Memories - concatenate, deduplicate by slug (repo wins):
workspace memories: universal feedback + patterns
+
repo memories: repo-specific feedback
=
agent sees: combined set, repo version wins on slug collision
Oracle - both levels returned, labeled separately:
Workspace oracle: overall workspace structure, project list
Project oracle: repo-specific stack, patterns, glossary
The agent sees both sections in axme_context output, clearly labeled as "Workspace Context" and "Project Context".
Before working in any specific repo, the agent must call axme_context with that repo's path. This loads the repo-level context on top of the workspace context. Without this call, the agent only sees workspace-level rules and misses repo-specific decisions and patterns.
This is enforced by instruction in CLAUDE.md:
### Per-Repo Gate (MANDATORY)
Every repo has its own .axme-code/ storage created during setup.
BEFORE reading code, making changes, or running tests in any repo:
call axme_context with that repo's path to load repo-specific context.

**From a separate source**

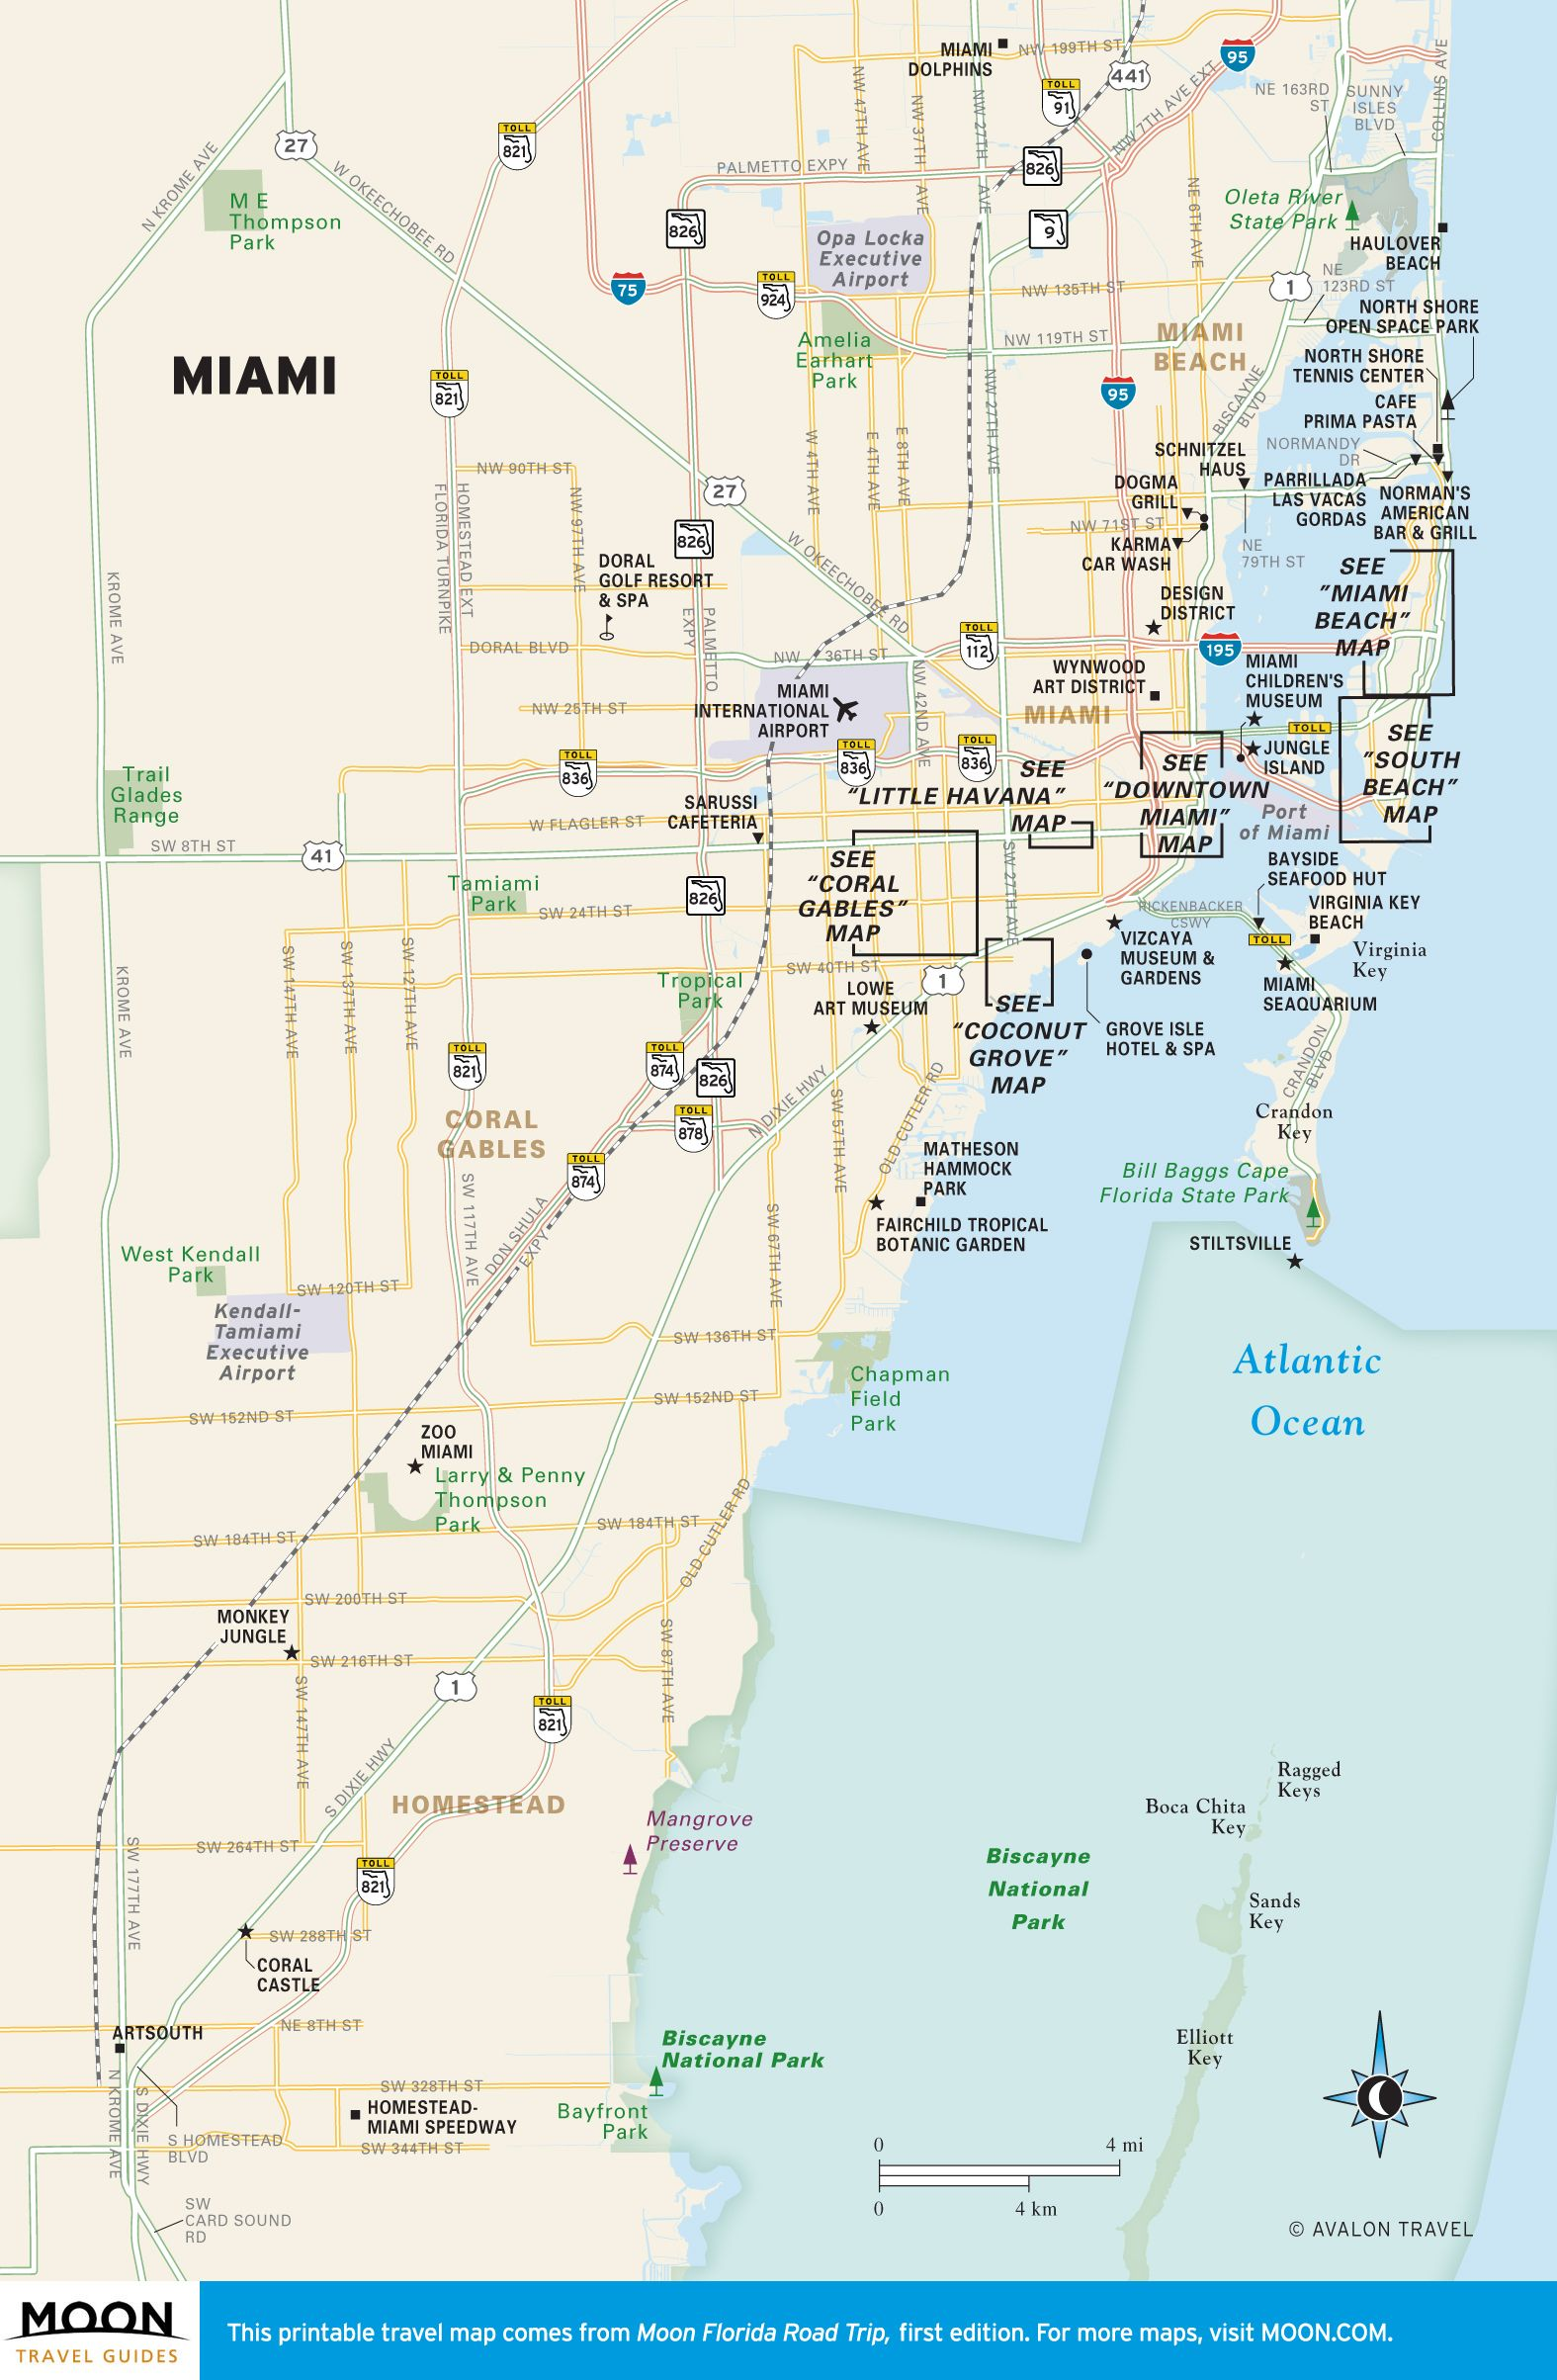 travel map of miami florida map of miami florida south florida everglades map [ 1575 x 2407 Pixel ]

The post-session auditor decides scope for each extraction based on the transcript content. If the agent discussed a Python-specific pattern while working in axme-control-plane, the auditor routes it to that repo. If the agent discussed a universal rule ("never merge PRs"), the auditor routes it to workspace level.
The auditor also uses filesChanged from the session to infer which repos were touched, and routes extracted items accordingly. A memory about a bug in axme-cli/cmd/axme/tasks.go goes to axme-cli/.axme-code/, not to the workspace root.
With 56 repos and 2444+ decisions, a flat storage would be unusable:
- The agent would see all 2444 decisions on every
axme_contextcall, most irrelevant - Safety rules for a Go CLI repo would include Python-specific rules from the gateway
- Oracle would mix TypeScript patterns with Java conventions
Two levels give the agent focused context: only the universal rules plus the repo it's actually working in.